A private school in Bradford has lost its battle to bring back corporal punishment.

Bradford Christian School, in Bolton Woods, was one of four to take an appeal to the House of Lords yesterday.

A delegation of teachers and parents claimed at a hearing before five Law Lords last December that the 1999 ban on corporal punishment infringed their human rights.

Yesterday the Lords ruled that lifting the ban would not be in the interest of children.

Phil Moon, head teacher at the Livingstone Road school, which has 200 pupils aged four to 16, said he was disappointed. "We understand the climate in which we were making this appeal but, at the same time, the Government is struggling to maintain discipline in schools with the strategies it has set out," he said. "It seems we were disciplined when we were making something work and doing it with integrity."

Mr Moon said the decision to launch the appeal had led many of the worst cases of child abuse to be highlighted.

But he insisted: "These extreme cases that we see in the press are awful for the children but, because of these extreme cases, parents who used corporal punishment carefully and with restraint would have that taken away.

"Working with children every day, we see that the natural authority that exists between parents or teachers and children is being eroded, and just to have the knowledge that corporal punishment could be used infrequently and with restraint would have been helpful."

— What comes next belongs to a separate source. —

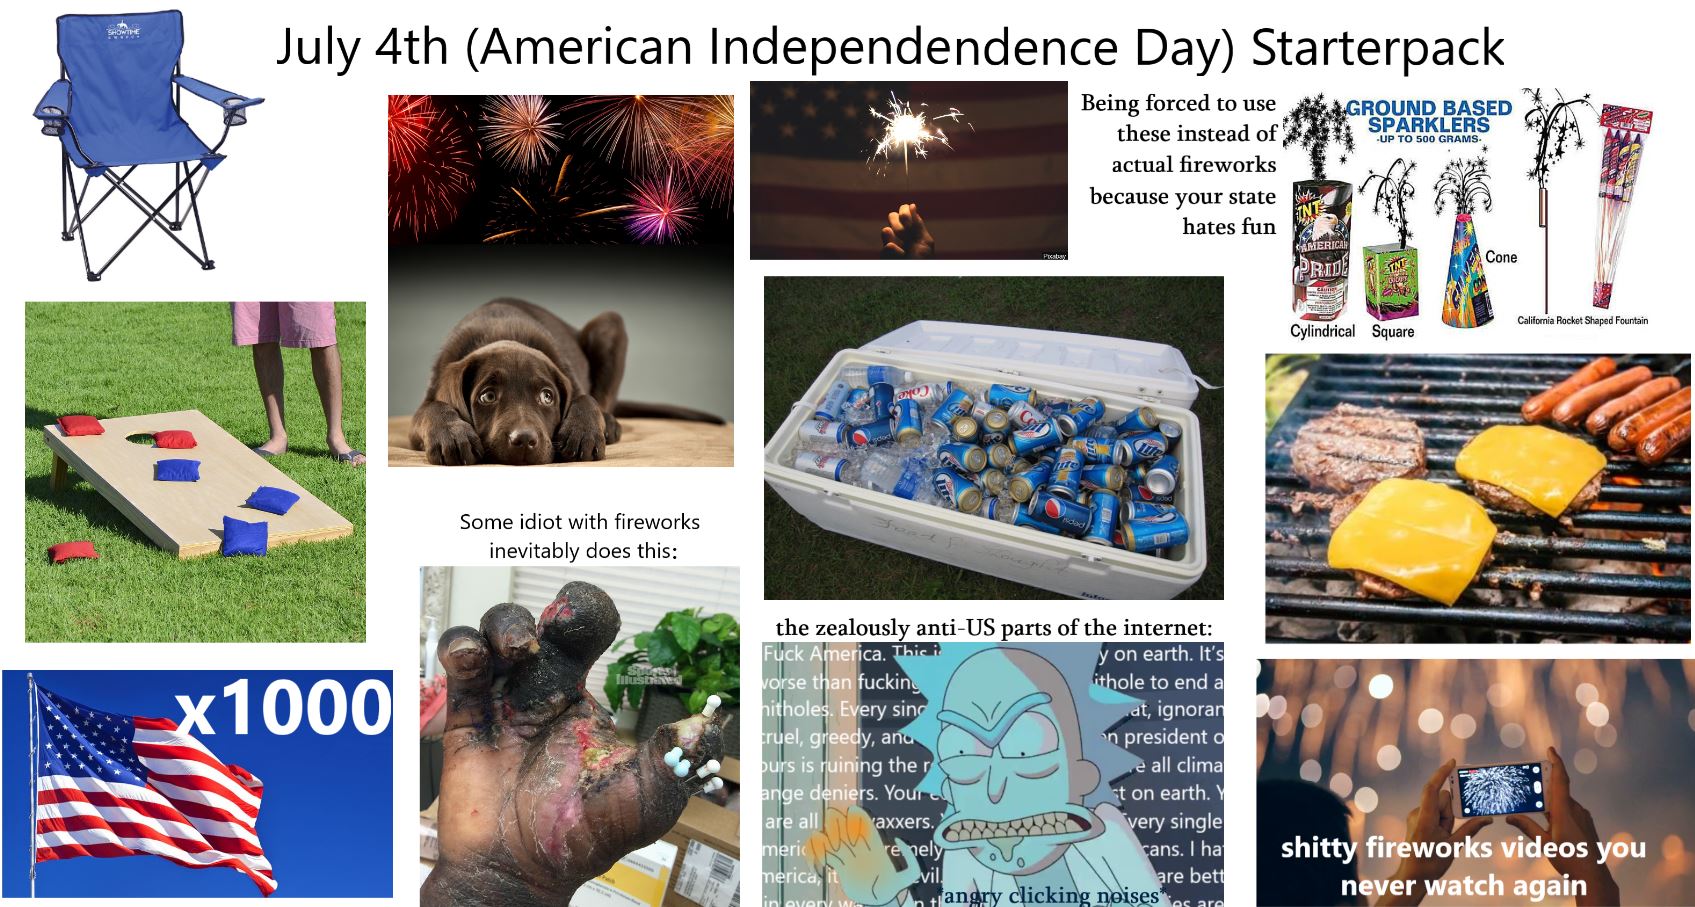 Starter Pack Meme - July 4th American Independendence Day Starterpack Ground Based Sparklers Up To 500 Grams. Being forced to use these instead of actual fireworks because your state hates fun California Rocket Shaped Fountain Cylindrical Square Some idio

Mr Moon said that, when the legal battle began about five years ago, 90 per cent of parents supported corporal punishment.

Schools involved in the appeal argued they were set up specifically to provide a Christian education based on Biblical observance and this meant the use of corporal punishment on a limited basis as part of their beliefs.

Lord Nicholls of Birkenhead, giving the lead ruling, said their beliefs "involve inflicting physical violence on children in an institutional setting".

"Parliament was bound to respect the claimants' beliefs in this regard, but was entitled to decide that manifestation of these beliefs in practice was not in the best interests of children," he said.

Both the High Court and the Court of Appeal have already thrown out the argument that the 1996 Education Act, which prohibits smacking, infringes parents' and teachers' religious freedoms and right to an education of their choice.